The Appellant has raised 5 grounds of appeal contending that the trial magistrate erred: -

§     In failing to warn herself of the danger of convicting on the evidence of identification under conditions which were not favourable for a positive identification.

§     In admitting evidence of an identification parade which was not properly conducted.

§     In admitting a repudiated statement which was not voluntarily obtained.

§     In rejecting the defence without giving reasons for doing so.

§     In failing to consider that the prosecution did not call any independent witnesses.

The particulars of the charge against the appellant alleged that:

On the 12th day of January 2002 at Mahigaini Springs in Nyeri District, while armed with a dangerous weapon namely a pistol, He robbed one Josphat Mutugi Muchue of cash Kshs.200/= and at or immediately before or immediately after the time of such robbery fatally injured Ethan Kamau Magondu.

During the trial in the Lower Court a total of 8 witnesses testified for the prosecution.  The prosecution evidence was that on the 12th January 2002, John Kamau Macharia (P.W.1) and Josphat Mutugi Muchui (P.W.2) both of whom deal in tomatoes, were in a motor-vehicle being driven by one Ethan Kamau Magondu.  They had stopped at Kiganjo petrol station where they were adding pressure to the tyre when the appellant approached them and asked for a lift.  The driver of the vehicle told the appellant to get into the back of the vehicle.

The vehicle took off the appellant asked the witnesses to stop at the next petrol station so that He could fuel the vehicle for them.  After fuelling the vehicle, the appellant moved to the cabin of the vehicle and sat together with the other 3 men.  As they were travelling towards Karatina, the driver of the vehicle thought He heard a sound at the back of the vehicle.  The appellant looked out of the window flashed a torch and said there was no one at the back of the vehicle.  The appellant then pulled out a gun and asked the 3 men to produce Kshs.50,000/=.  The men pleaded that they did not have that kind of money.  The driver stopped the vehicle and the appellant demanded the keys.  The driver gave the appellant the keys and then fled.  The appellant was then given Kshs.250/= by P.W.2.  The appellant took Kshs.200/= and returned Kshs.50/= to P.W.2.  The appellant started the vehicle but upon being told that it had no fuel, abandoned the motor-vehicle and disappeared.

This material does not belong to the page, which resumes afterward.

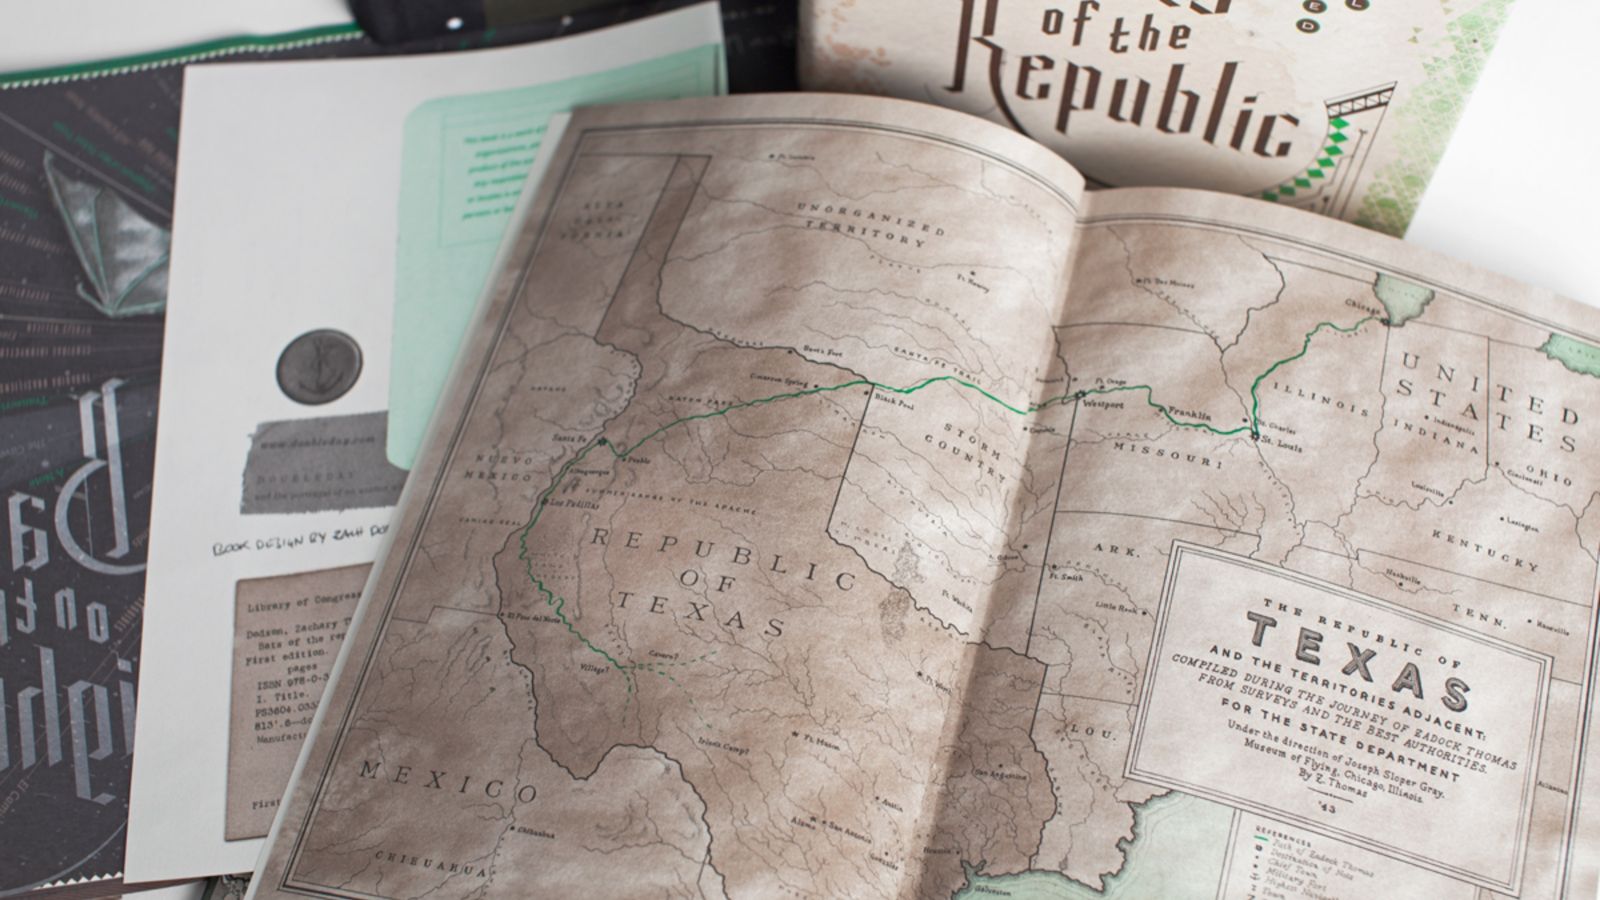 Old-looking sepia-toned map of Texas and hardback book

P.W.1 and P.W.2 remained in the vehicle for about 3 hours before a passing vehicle rescued them and took them to Karatina Police Station where they reported the matter to Felix Wachira (P.W.4).  The officer visited the scene and upon checking the area recovered the body of Ethan Kamau Magondu who had apparently fallen down a quarry and sustained fatal injuries.  The body was taken to Karatina District Hospital Mortuary.

On the 18th January 2002, Dr. James Mburu (P.W.7) of Karatina District Hospital performed a post mortem examination on the body of the Ethan Kamau Magondu and formed the impression that the cause of death was cardio pulmonary arrest secondary to head injury.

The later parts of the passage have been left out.